Only at the dose of 5 μg/ml NiO NPs, we demonstrated a statistical increase of both active p19 and p17 with respect to the inactive p35 fragments, expression of a more prominent apoptotic process (Figures 6A–D **p < 0.001 vs. 0 NiO NPs).

FIGURE 6

Figure 6 Caspase-3 Evaluation by WB analysis. (A) Immunoblots of caspase-3 p35, p19, and p17 in SCs at 24 h and 1, 2, and 3 weeks of incubation with NiO NPs at 1 and 5 μg/ml. Densitometric analysis of the protein bands of caspase-3 p35 (B), p19 (C), and p17 (D) in SCs at 24 h and 1, 2, and 3 weeks of incubation with NiO NPs 1 and 5 μg/ml. Data represent the mean ± SEM (**p < 0.001 vs. 0 NiO NPs of three independent experiments, each performed in triplicate).

Pro-inflammatory response

At both concentration, the gene expression of TNF-α showed a significant increase at 24 h and during third week, (Figures 7A, **p < 0.001 vs. 0 NiO NPs).

FIGURE 7

Figure 7 Real-time PCR analysis of SCs proinflammatory response. Gene expression of TNF-α (A), IL-6 (B) in SCs at 24 h and 1, 2, and 3 weeks of incubation with NiO NPs 1 and 5 μg/ml. Data represent the mean ± SEM (*p < 0.05, **p < 0.001 vs. 0 NiO NPs of three independent experiments, each performed in triplicate).

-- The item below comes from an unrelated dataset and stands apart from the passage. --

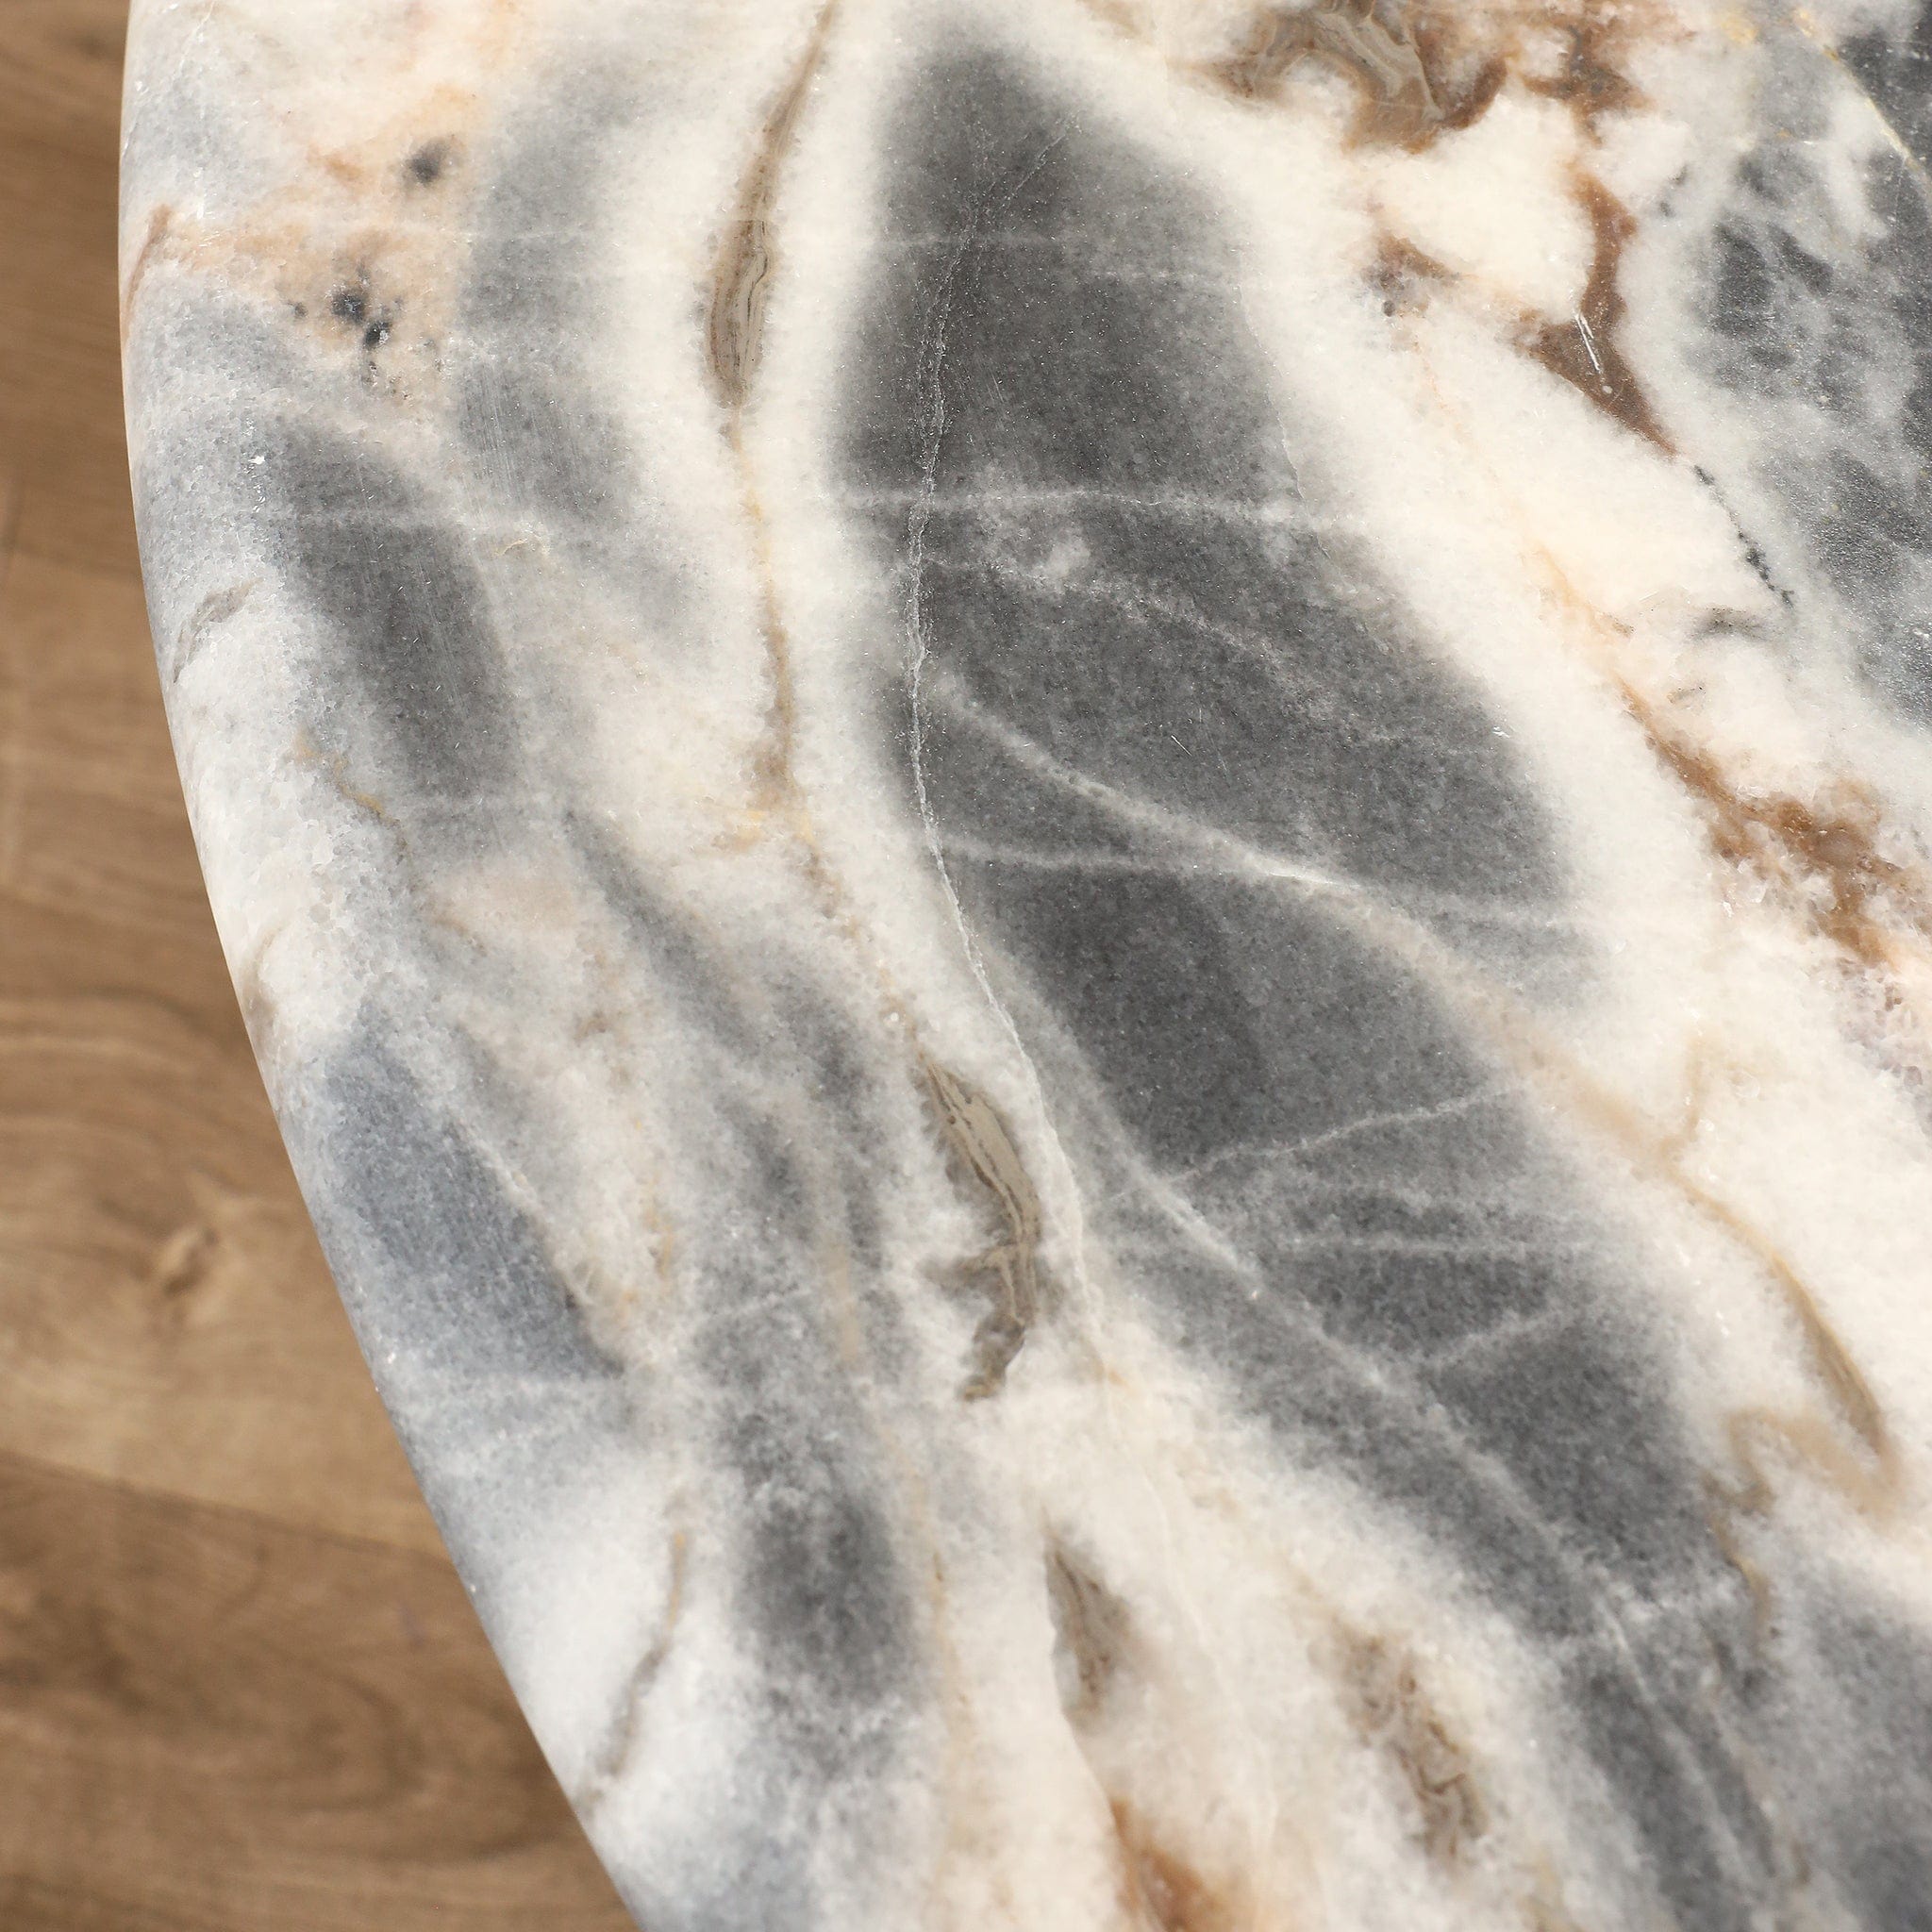 Silas <br>Marble Coffee Table - Bloomr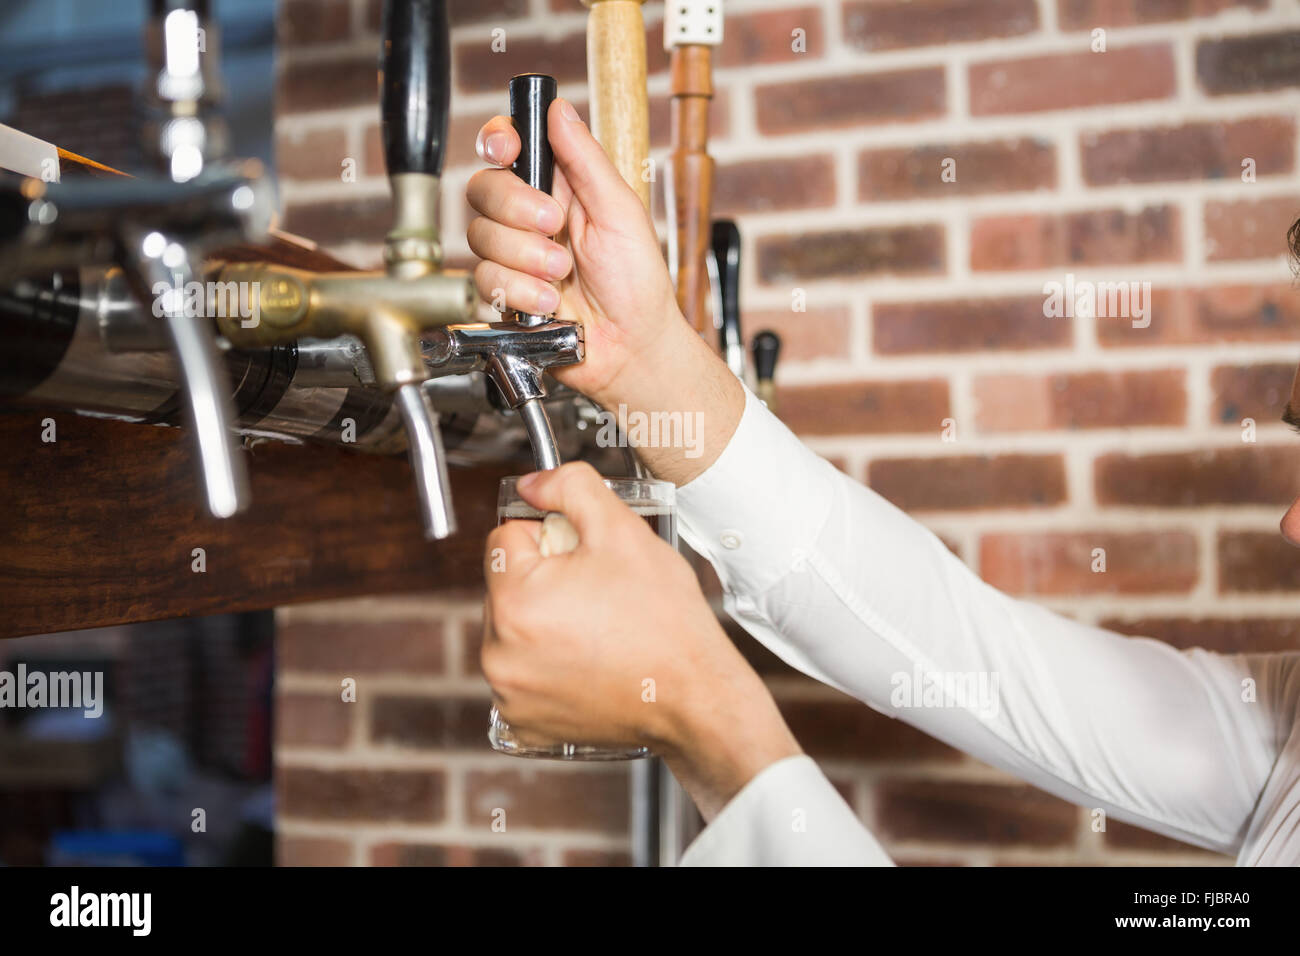 Masculine hands pouring beer Stock Photo

Moreover, IL-6 gene expression showed a significant increase at 24 h only at dose of 5 μg/ml NiO NPs, meanwhile at both concentrations, the increase resulted after week 2 up to the third week, with respect to unexposed SCs (Figures 7B, *p < 0.05 and **p < 0.001 vs. 0 NiO NPs).

MAPK kinase signaling pathway activation

We performed Western blotting analysis to investigate the involvement of different MAPK family members (ERK1/2, JNK, p38, AKT ) and NF-kB signaling pathway after NiO NPs exposure (Figure 8A). The phosphorylation ratio of ERK1/2 showed a significant increase at both concentrations, from the second up to third week (Figure 8B, **p < 0.001 vs. 0 NiO NPs).

FIGURE 8

Figure 8 MAPK Kinase Signaling Pathway analysis in WB. (A) Immunoblots of phosphoERK1-2/ERK1-2, phosphoJNK/JNK, phosphop38/p38, phosphoAKT/AKT, posphoNF-kB p65/NF-kB, and GAPDH in SCs 24 h and 1, 2, and 3 weeks of incubation with NiO NPs 1 and 5 μg/ml. (B) Densitometric analysis of the protein bands of phosphoERK1-2/ERK1-2, (C) phosphoJNK/JNK, (D) phosphop38/p38, (E) phosphoAKT/AKT, and (F) phosphoNF-kB p65/NF-kB in SCs 24 h and 1, 2, and 3 weeks of incubation with NiO NPs 1 and 5 μg/ml. Data represent the mean ± SEM (**p < 0.001 vs. 0 NiO NPs of three independent experiments, each performed in triplicate).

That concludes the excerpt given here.